- **Supplied data**:
########

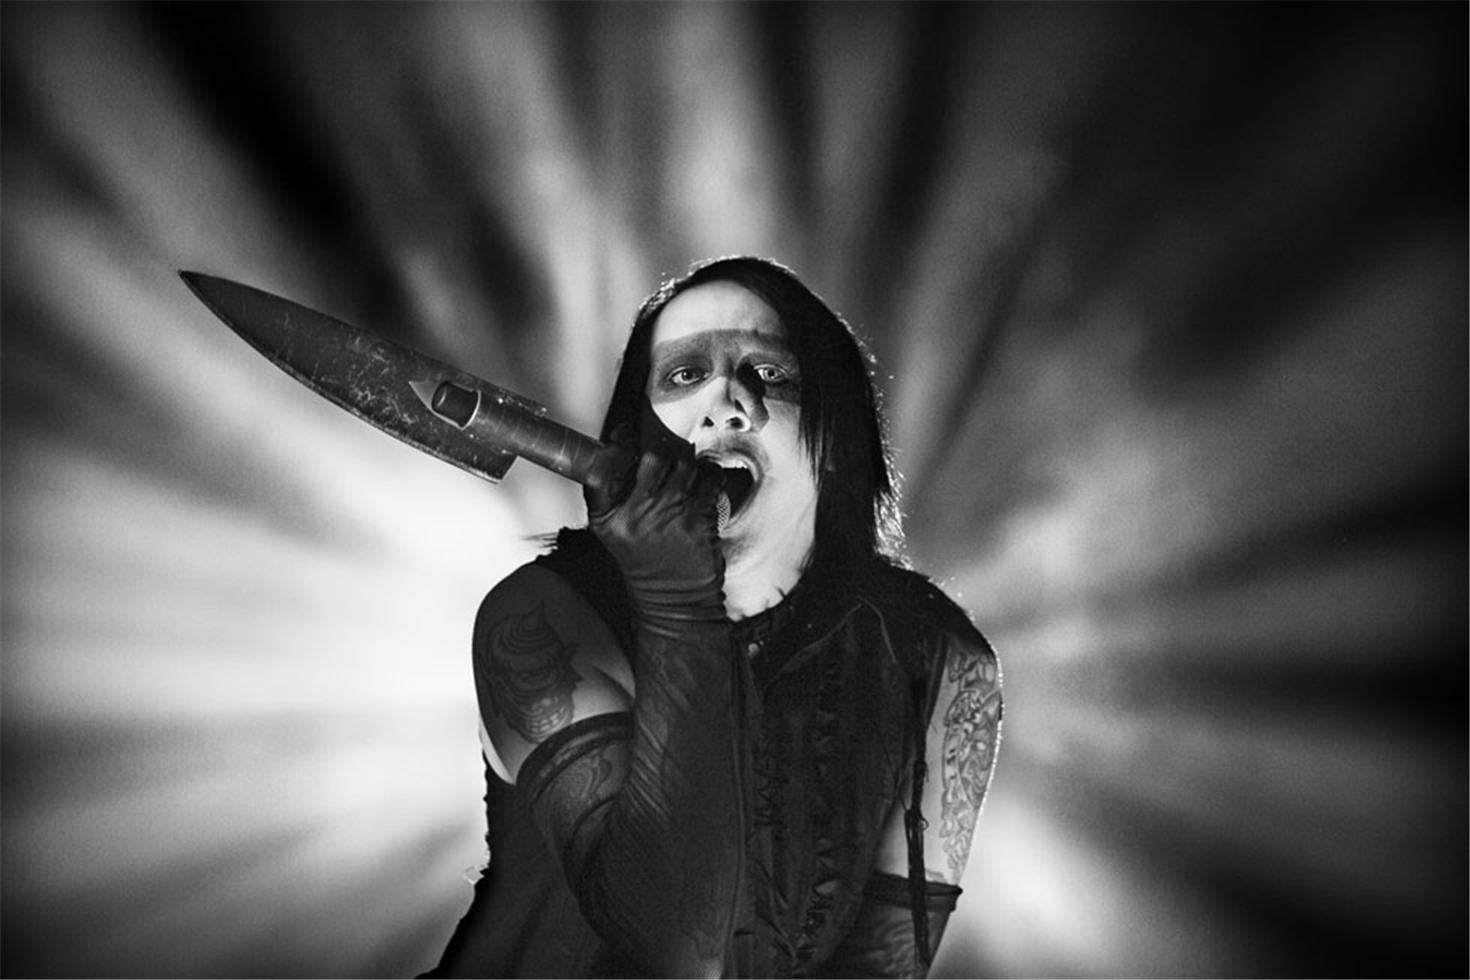 Rene Huemer Black and White Photograph - Marilyn Manson, Vienna, Austria, 2007
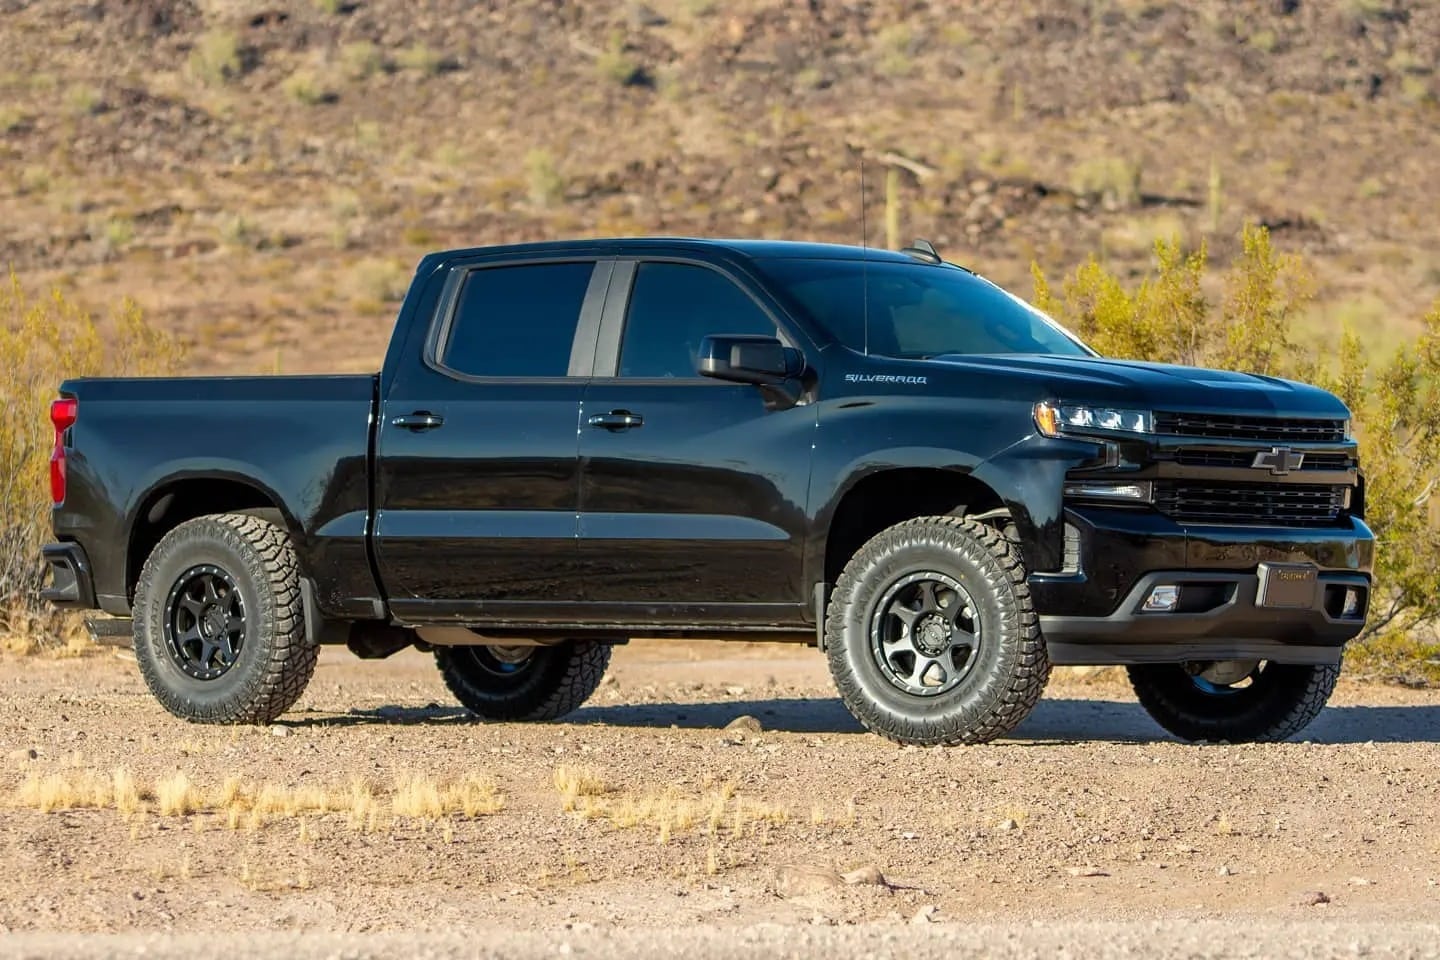 A 2019 Chevrolet Silverado on a dirt road.
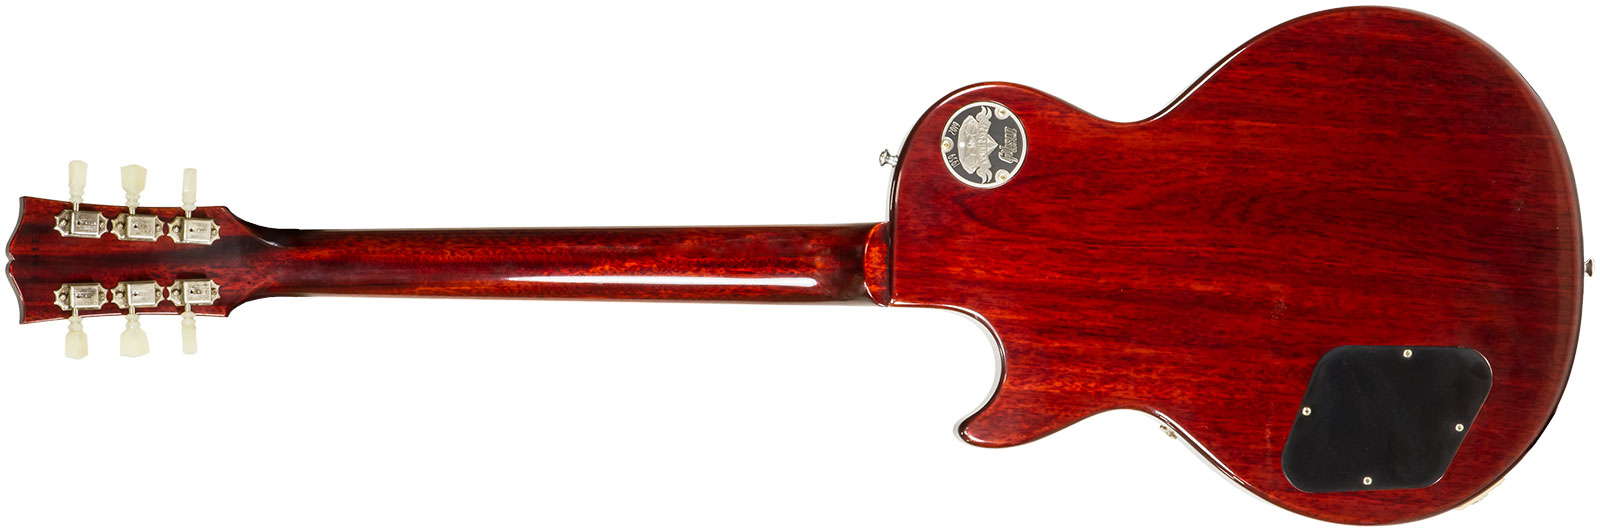 Gibson Custom Shop Les Paul Standard 1960 V2 60th Anniversary 2h Ht Rw #00492 - Vos Tomato Soup Burst - Single cut electric guitar - Variation 1
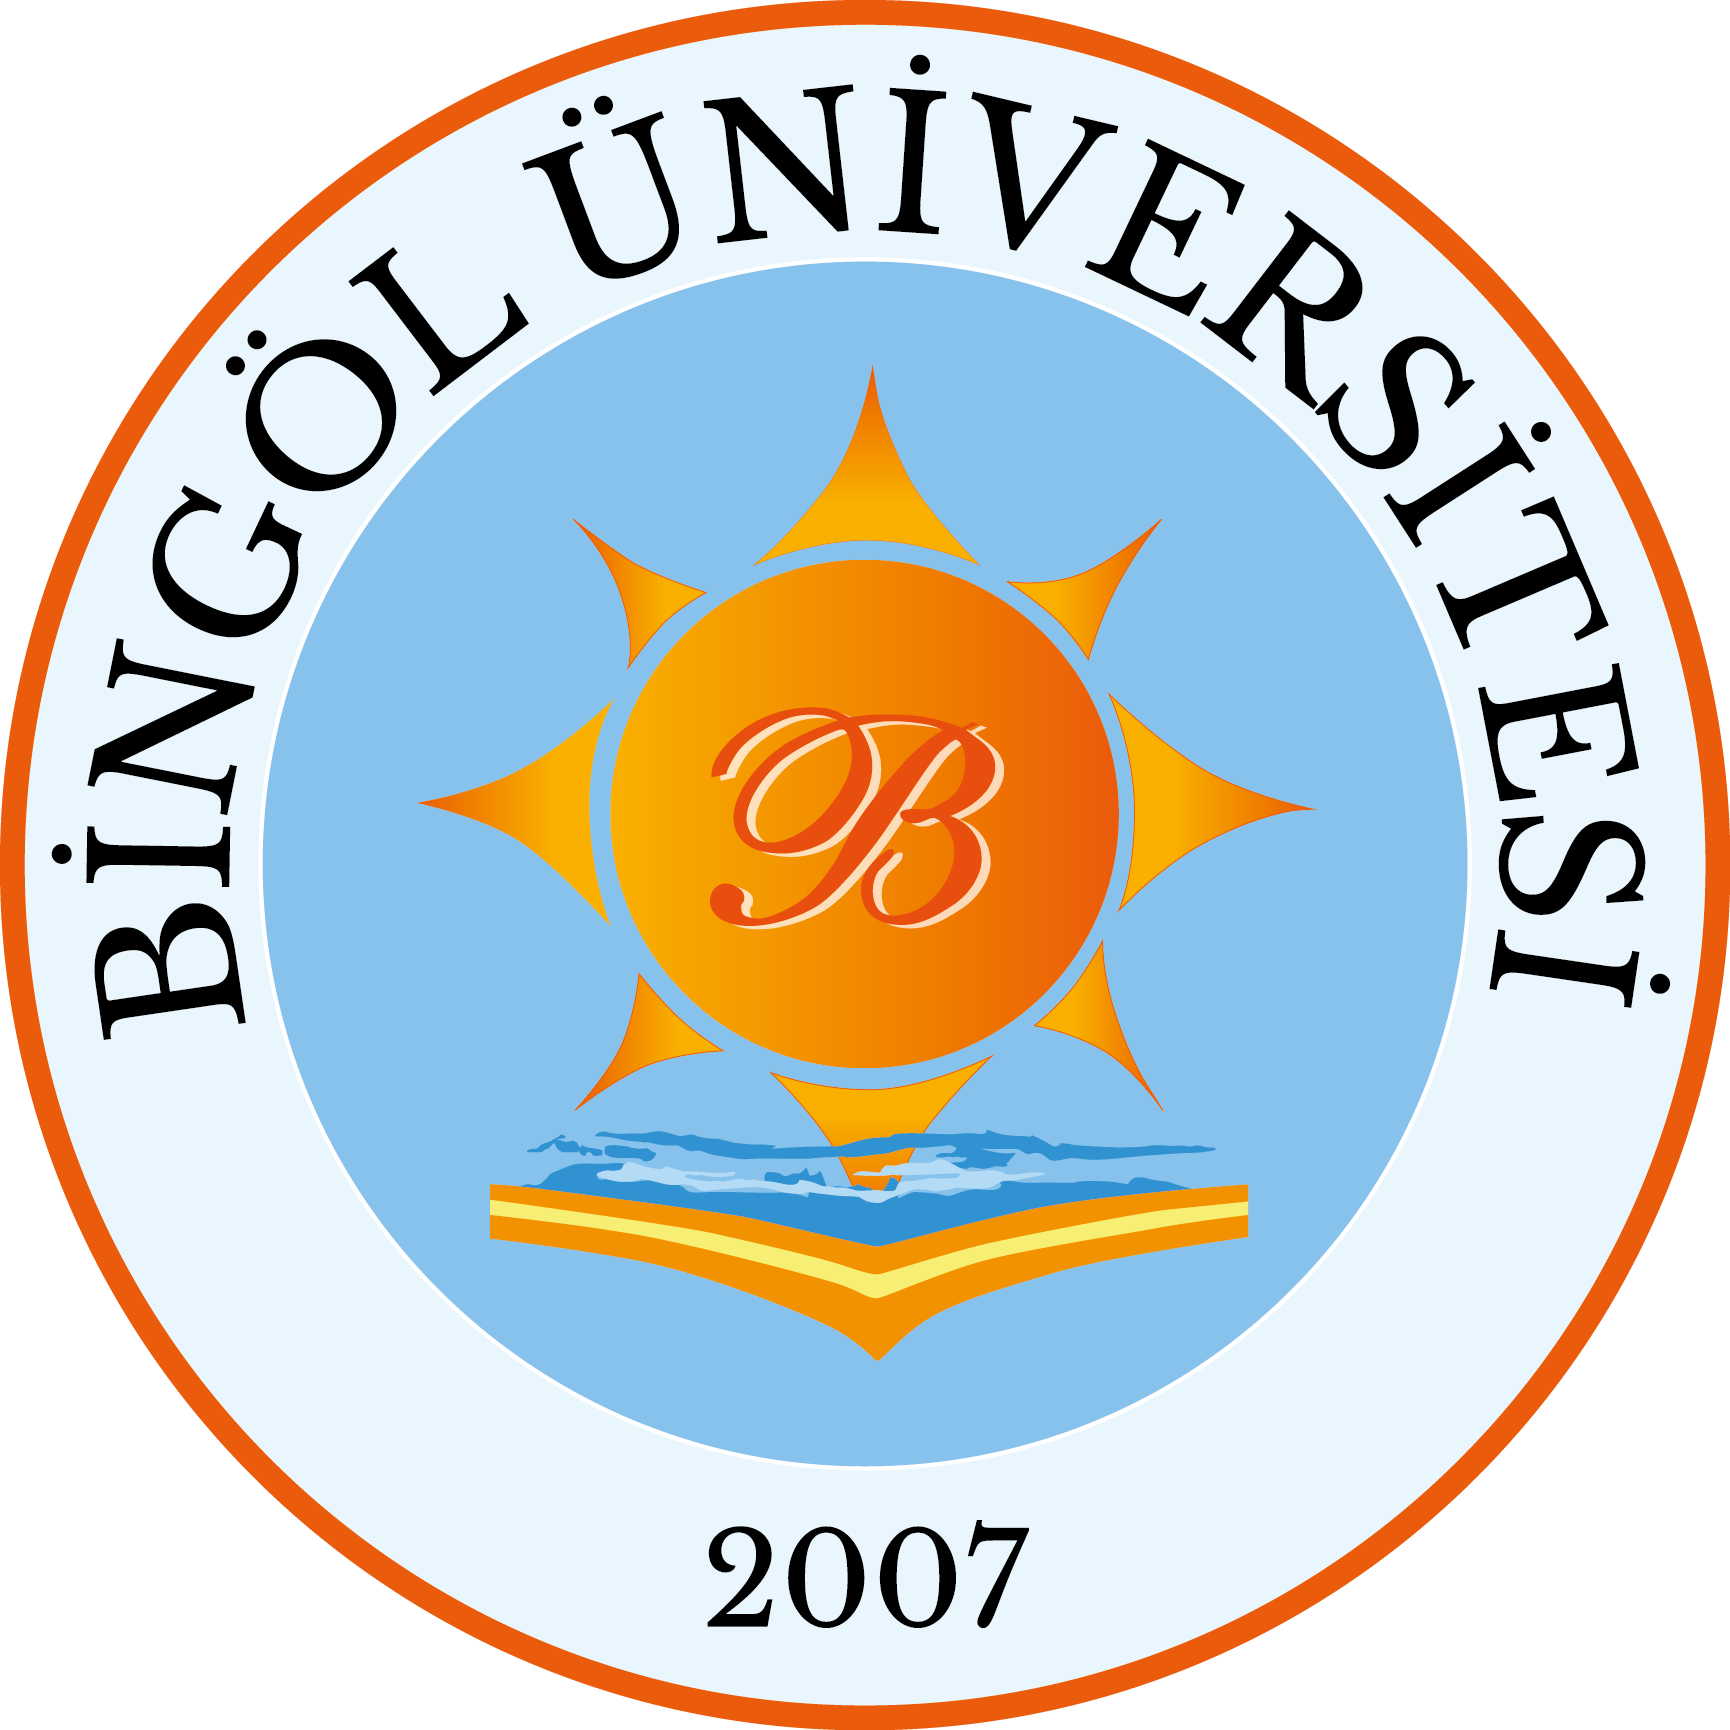 bingol universitesi logo

########

- **Problem to work on**:
With the images removed, reproduce all the material above word for word.

- **Task output**:
 Rene Huemer Black and White Photograph - Marilyn Manson, Vienna, Austria, 2007
 A 2019 Chevrolet Silverado on a dirt road.
 Gibson Custom Shop Les Paul Standard 1960 V2 60th Anniversary 2h Ht Rw #00492 - Vos Tomato Soup Burst - Single cut electric guitar - Variation 1
 bingol universitesi logo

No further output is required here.